By 2005, Jones had begun promoting eco-capitalism and environmental justice. In 2005 the Ella Baker Center expanded its vision beyond the immediate concerns of policing, declaring that “If we really wanted to help our communities escape the cycle of incarceration, we had to start focusing on job, wealth and health creation.” In 2005, Jones and the Ella Baker Center produced the “Social Equity Track” for the United Nations‘ World Environment Day celebration, held that year in San Francisco. It was the official beginning of what would eventually become Ella Baker Center’s Green-Collar Jobs Campaign.
In September 2007, Jones attended the Clinton Global Initiative and announced his plans to launch Green For All, a new national NGO dedicated to creating green pathways out of poverty in America. The plan grew out of the work previously done at local level at the Ella Baker Center. Green For All would take the Green-Collar Jobs Campaign mission — creating green pathways out of poverty — national.
Jones has served on the boards of numerous environmental and nonprofit organizations, including 1Sky, the National Apollo Alliance, Social Venture Network, Rainforest Action Network, Bioneers, Julia Butterfly Hill’s “Circle of Life” organization and Free Press. He was also a Senior Fellow with the Center for American Progress and a Fellow at the Institute of Noetic Sciences. He was a keynote speaker at the youth conference Power Shift 2009 and 2011 in Washington, D.C.
During the 2003 California gubernatorial recall election, Jones served as Arianna Huffington’s statewide grassroots director.
On October 7, 2008, HarperOne released Jones’ first book, The Green Collar Economy. The book outlines his “substantive and viable plan for solving the biggest issues facing the country—the failing economy and our devastated environment.” The book has received favorable reviews from Al Gore, Nancy Pelosi, Laurie David, Paul Hawken, Winona LaDuke and Ben Jealous.

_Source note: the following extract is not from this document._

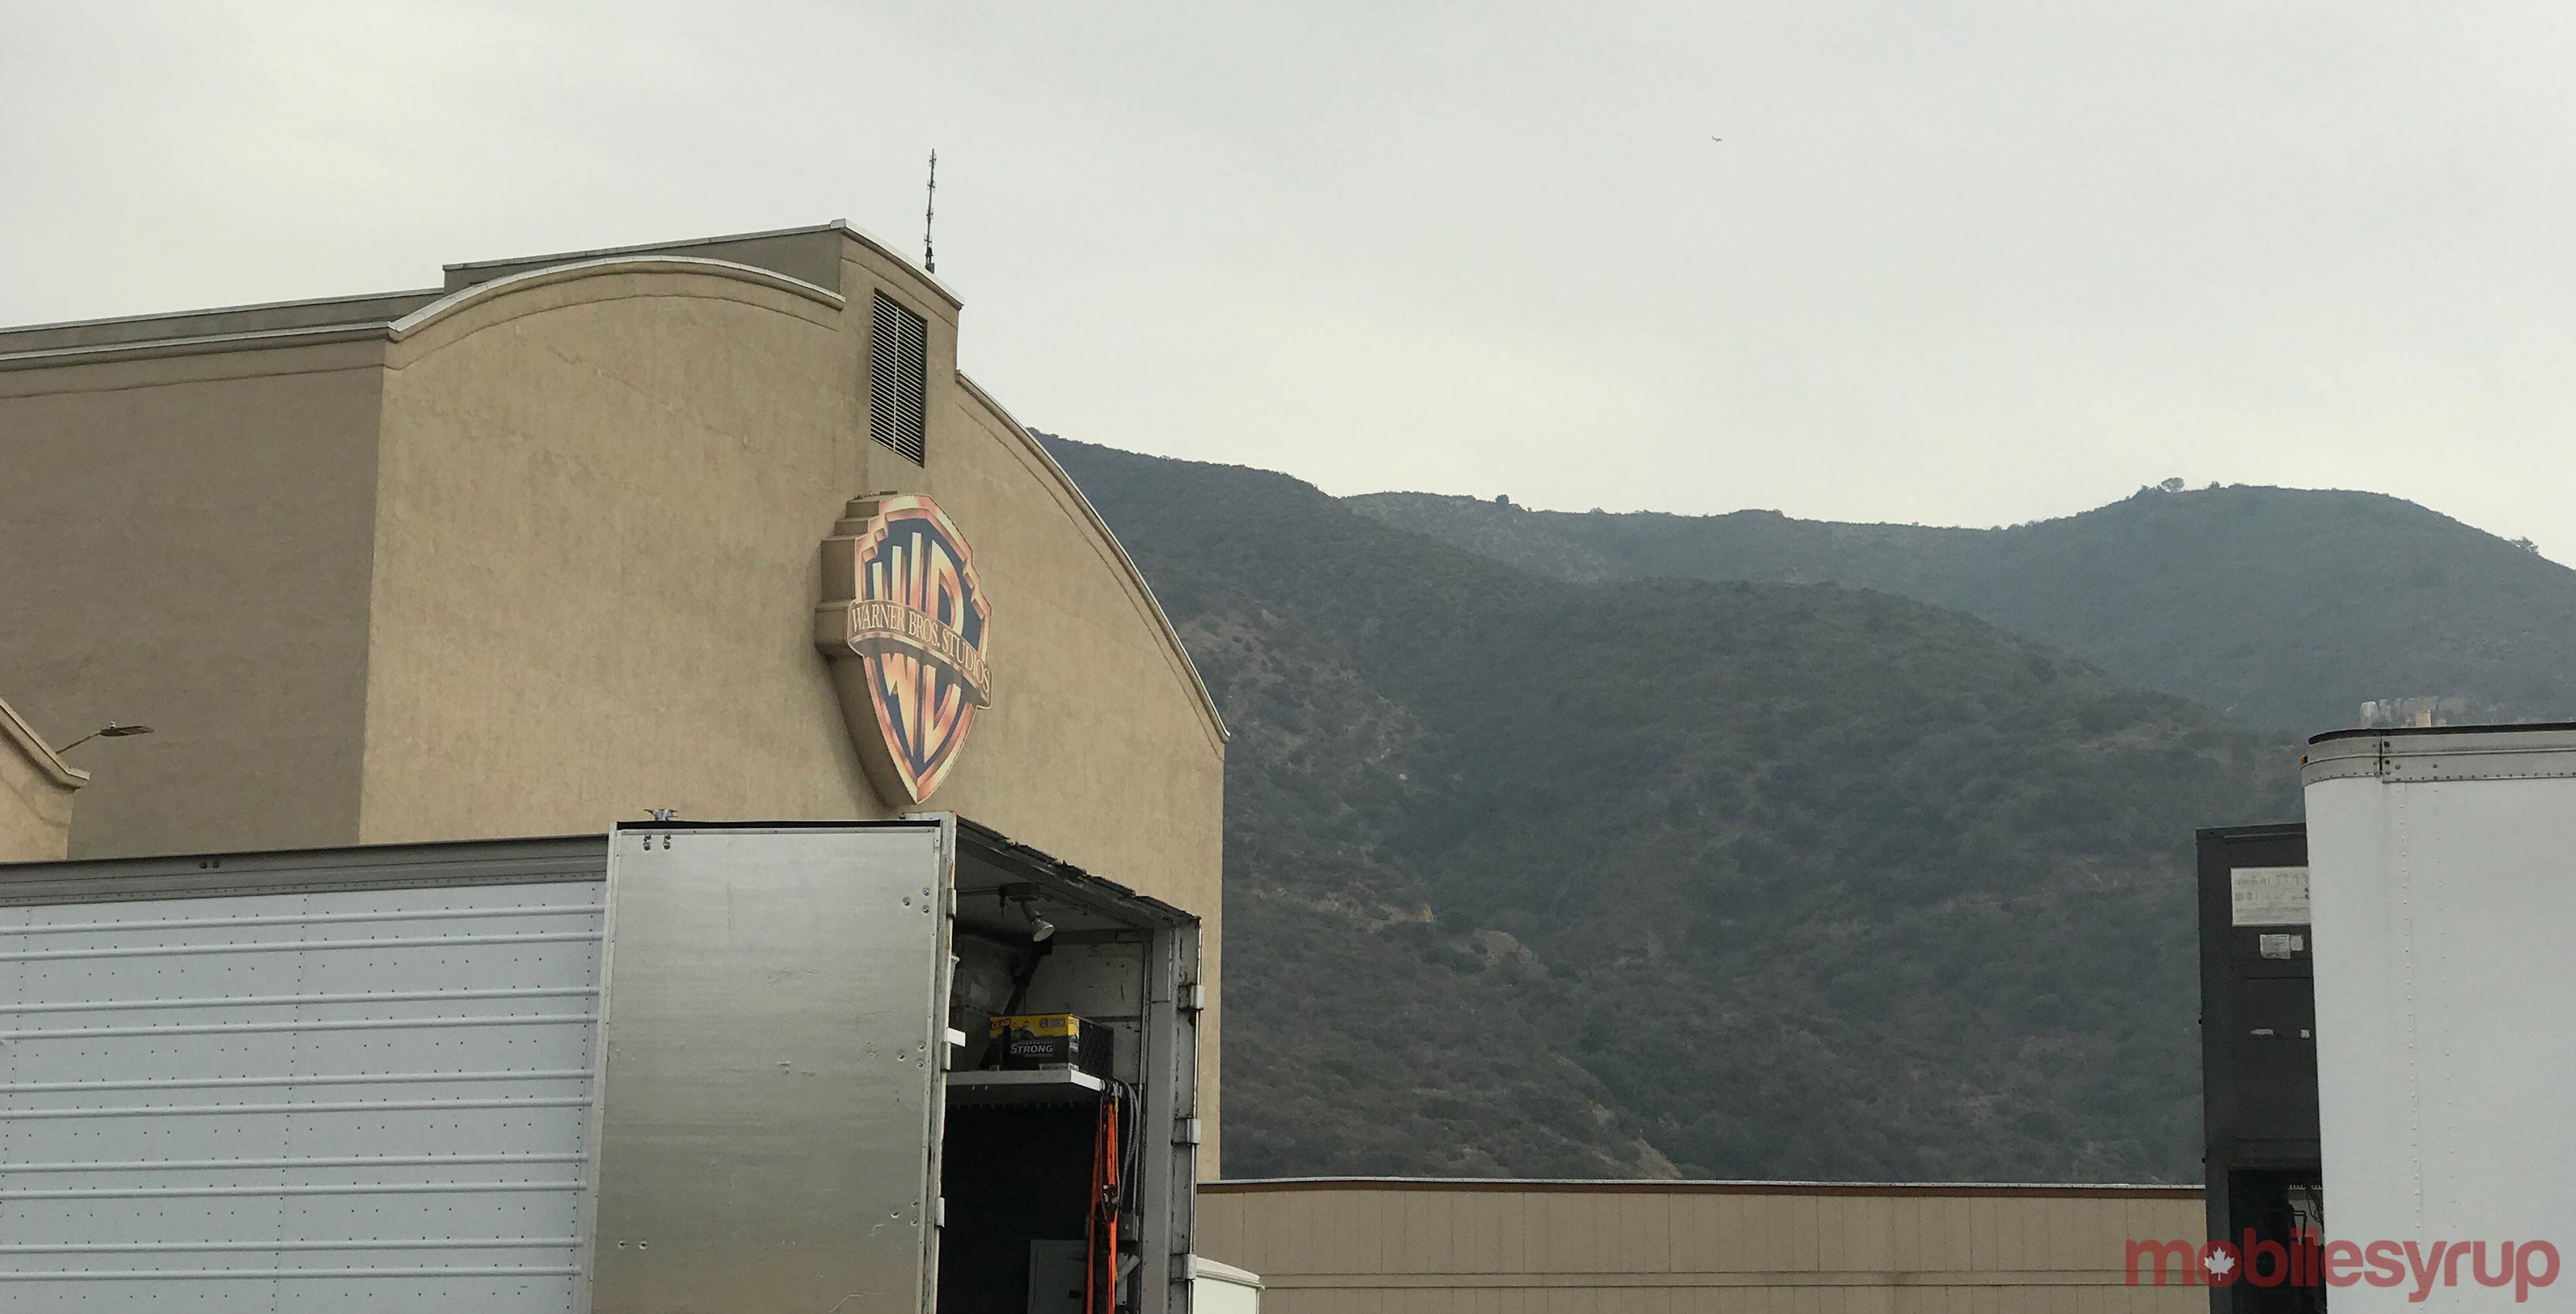 Warner Bros. Entertainment studio
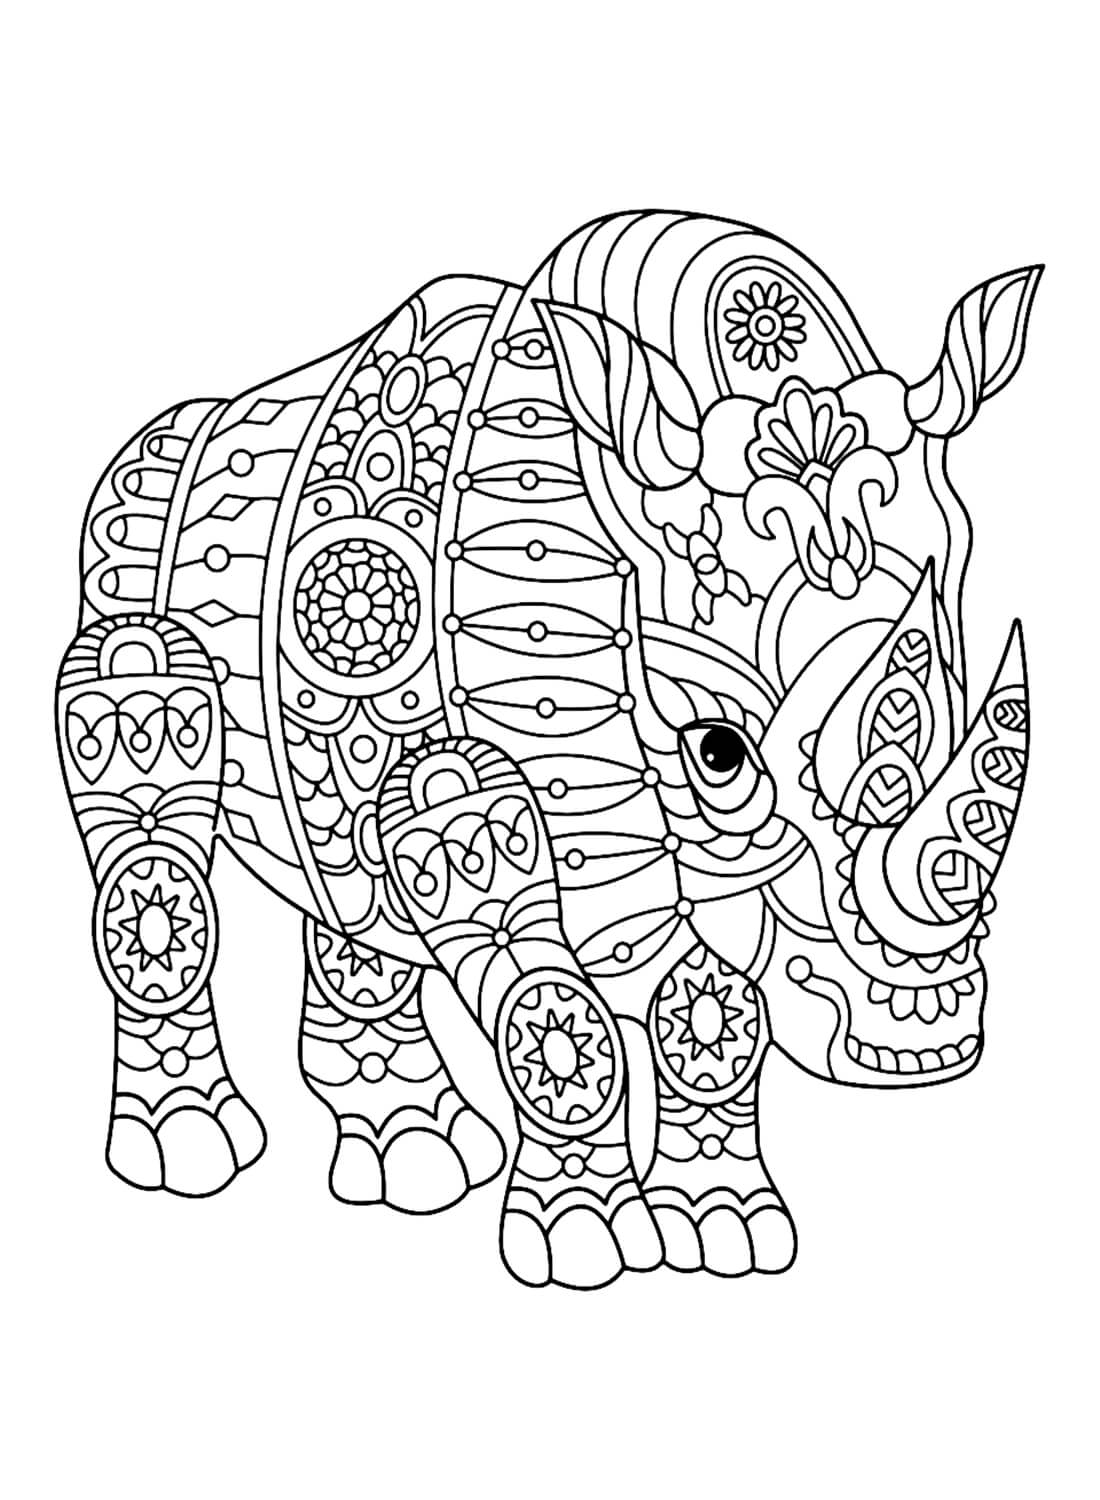 Mandala Rhino Coloring Page - Sheet 3 Mandalas

In February 2010, Jones became a senior fellow at the Center For American Progress, where he leads their Green Opportunity Initiative “to develop a clearly articulated agenda for expanding investment, innovation, and opportunity through clean energy and environmental restoration”. At the same time, he received appointments at Princeton University, as a distinguished visiting fellow in both the Center for African American Studies and in the Program in Science, Technology and Environmental Policy at the Woodrow Wilson School of Public and International Affairs. Jones is also a senior policy advisor at Green For All.
On February 26, 2010, Jones received the NAACP President’s Award at the 41st annual NAACP Image Awards.
On October 2, 2010, Jones spoke at the One Nation Working Together rally in Washington, DC, where he spoke about linking the fight against poverty with the fight against pollution, saying that green jobs would bring “real solutions” instead of “hateful rhetoric”.
On April 15, 2011, Jones spoke at Powershift 2011 in Washington, DC, where he addressed over 10,000 students on issues of climate justice and standing up for underrepresented communities. Powershift 2011 was the largest youth activism and organizing training in our country’s history.